如何找到二进制图像中的连接组件？ [英] How do I find the connected components in a binary image?

问题描述

我在寻找一种算法来找到所有连接的组件在我的二进制图像。

I am looking for an algorithm to find all connected components in my binary image.

如果我们认为像一个矩阵的形象，它看起来像：

If we think of the image like a matrix, it looks like:

[ 0 0 0 0 ...
  0 0 0 0 ...
  0 1 1 1 ...
  0 1 0 1 ...
  0 1 0 0 ...
  ...
]

我想找到所有正在接触的人（对角，以及）。在这个例子中，只有一个构件 - 但可能有数百个独特的构成部分中的图像

I would like to find the all the ones that are touching (diagonally, as well). In this example, there is only one component - but there may be hundreds of unique components in an image.

Image => ALGORITHM => [ [(x,y)], ... ] 
                      # list of lists of coordinates (each shape is a list)

我已经看了看二传的标签算法，但我不'不敢相信它返回我的实际组成部分 - 它只是标注了不同的组件。 （或者这是同一个？）

I have looked at the two pass labelling algorithm on Wikipedia, but I don't believe it returns me the actual components - it just labels the distinct components. (Or is this one and the same?)

如果可能的话，这应该是能在对一个视频流的实时运行。

If possible, this should be able to run in real-time against a video stream.

推荐答案

下面是一个简单的code。使用简单的DFS来标记不同的组件（C ++），你可以尝试一下。

Below are a simple code (C++) using simple dfs to mark different component, you may try it out.

例如，如果你的标准输入输入

For example, if your stdin input is

4 5
0 0 0 0 1
0 1 1 0 1
0 0 1 0 0
1 0 0 0 1

那么输出应该是

Then the output should be

Graph:
0 0 0 0 1 
0 1 1 0 1 
0 0 1 0 0 
1 0 0 0 1 

Output:
0 0 0 0 1 
0 2 2 0 1 
0 0 2 0 0 
3 0 0 0 4

相同数量重新present该小区属于相同的组件。

The same number represent that cell belongs to the same component.

我假设所有8个方向上属于同一个组件，如果你只是想4方向， 变化DX []和dy []

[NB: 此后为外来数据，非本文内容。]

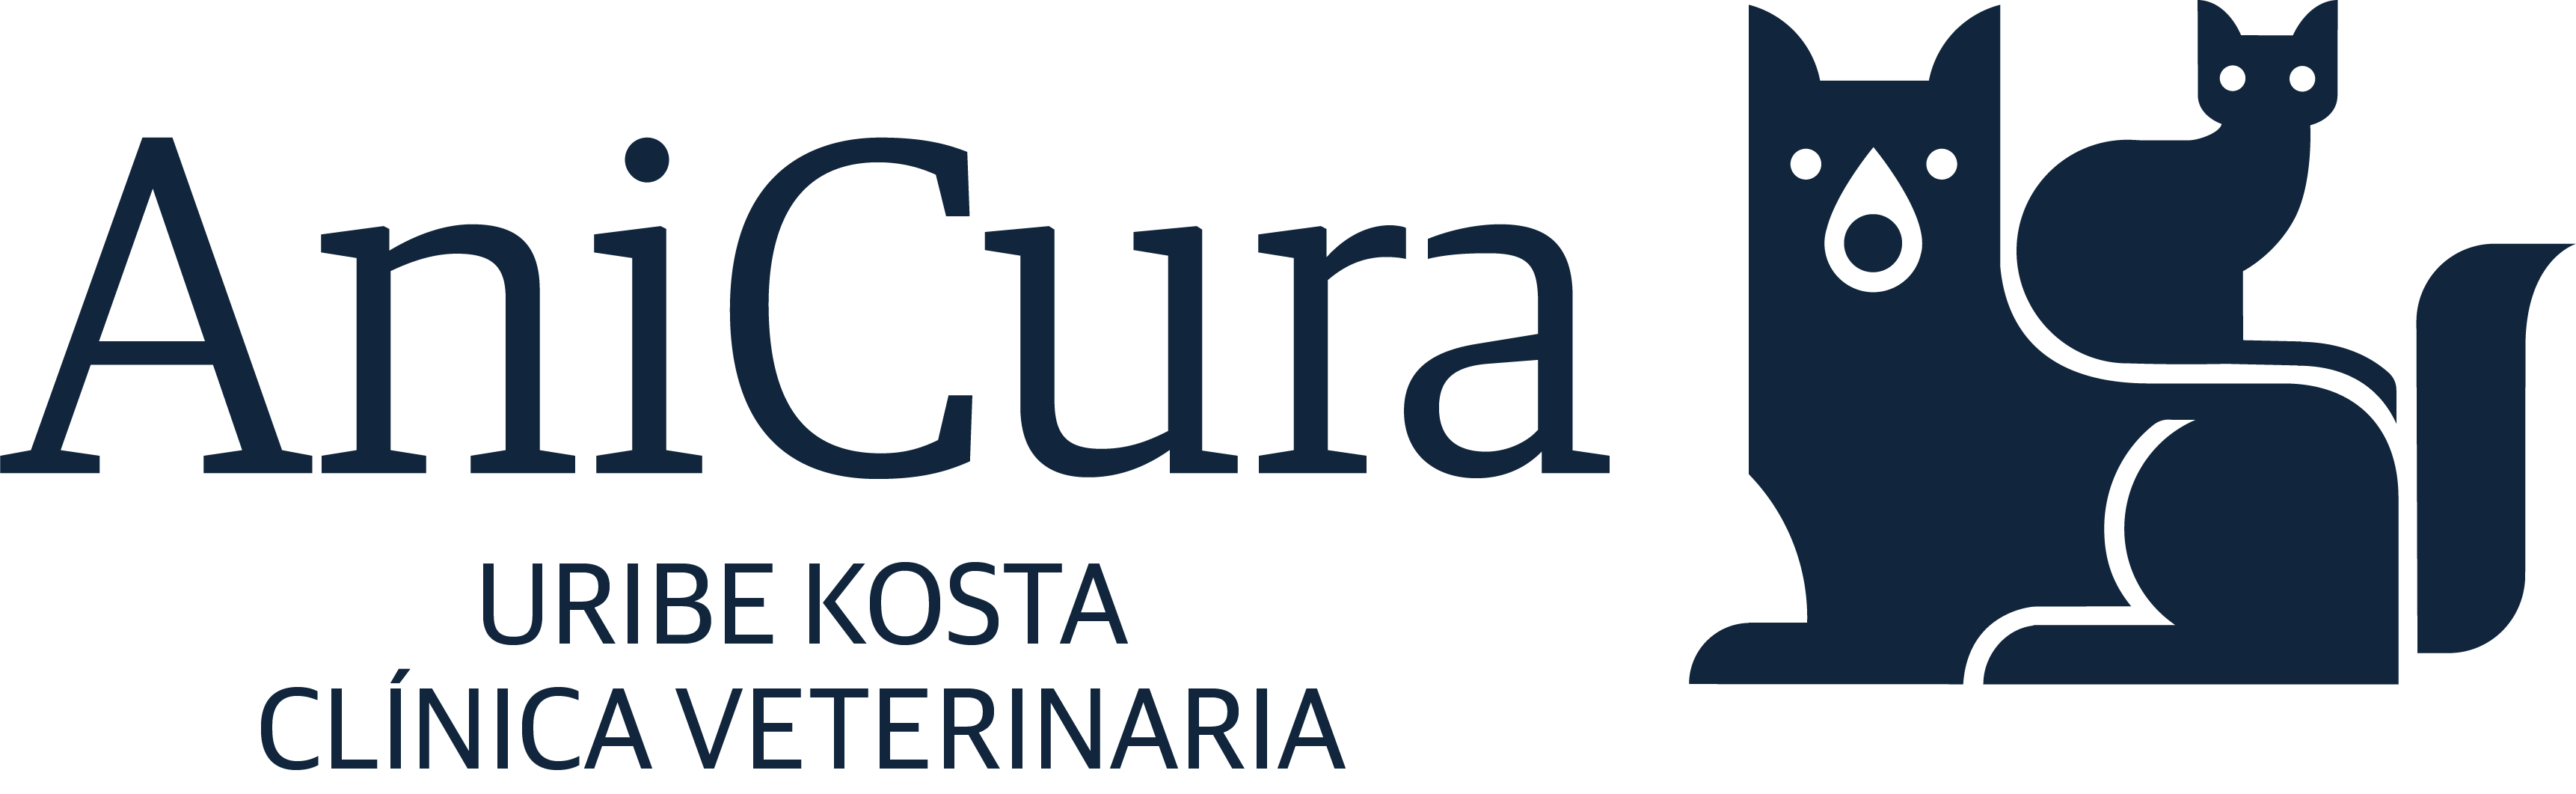 AniCura Uribe Kosta Clínica Veterinaria logo

I am assuming all 8-directions belongs to the same component, if you only want 4-directions, change dx[] and dy[]

另外，我假设输入最多为200 * 200的，我做了一件以避免处理那些烦人的阵列出境的问题，您可以检查出来：）

Also I am assuming the input is at most 200*200, and I did something to avoid handling those annoying array outbound issues, you may check it out :)

#include<cstdio>
#include<cstdlib>
#include<cstring>

int g[202][202] = {0};
int w[202][202] = {0};

int dx[8] = {-1,0,1,1,1,0,-1,-1};
int dy[8] = {1,1,1,0,-1,-1,-1,0};

void dfs(int x,int y,int c){
    w[x][y] = c;
    for(int i=0; i<8;i++){
        int nx = x+dx[i], ny = y+dy[i];
        if(g[nx][ny] && !w[nx][ny]) dfs(nx,ny,c);
    }
}

int main(){
    int row, col, set = 1;
    scanf("%d%d", &row, &col);

    for(int i=1; i<=row; i++) for(int j=1; j<=col; j++) scanf("%d", &g[i][j]);

    for(int i=1; i<=row;i++)
        for(int j=1; j<=col; j++)
            if(g[i][j] && !w[i][j])
                dfs(i,j,set++);

    printf("Graph:\n");
    for(int i=1; i<=row;i++){
        for(int j=1; j<=col;j++)
            printf("%d ", g[i][j]);
        puts("");
    }
    puts("");
    printf("Output:\n");
    for(int i=1; i<=row;i++){
        for(int j=1; j<=col;j++)
            printf("%d ", w[i][j]);
        puts("");
    }

    return 0;
}

这篇关于如何找到二进制图像中的连接组件？的文章就介绍到这了，希望我们推荐的答案对大家有所帮助，也希望大家多多支持IT屋！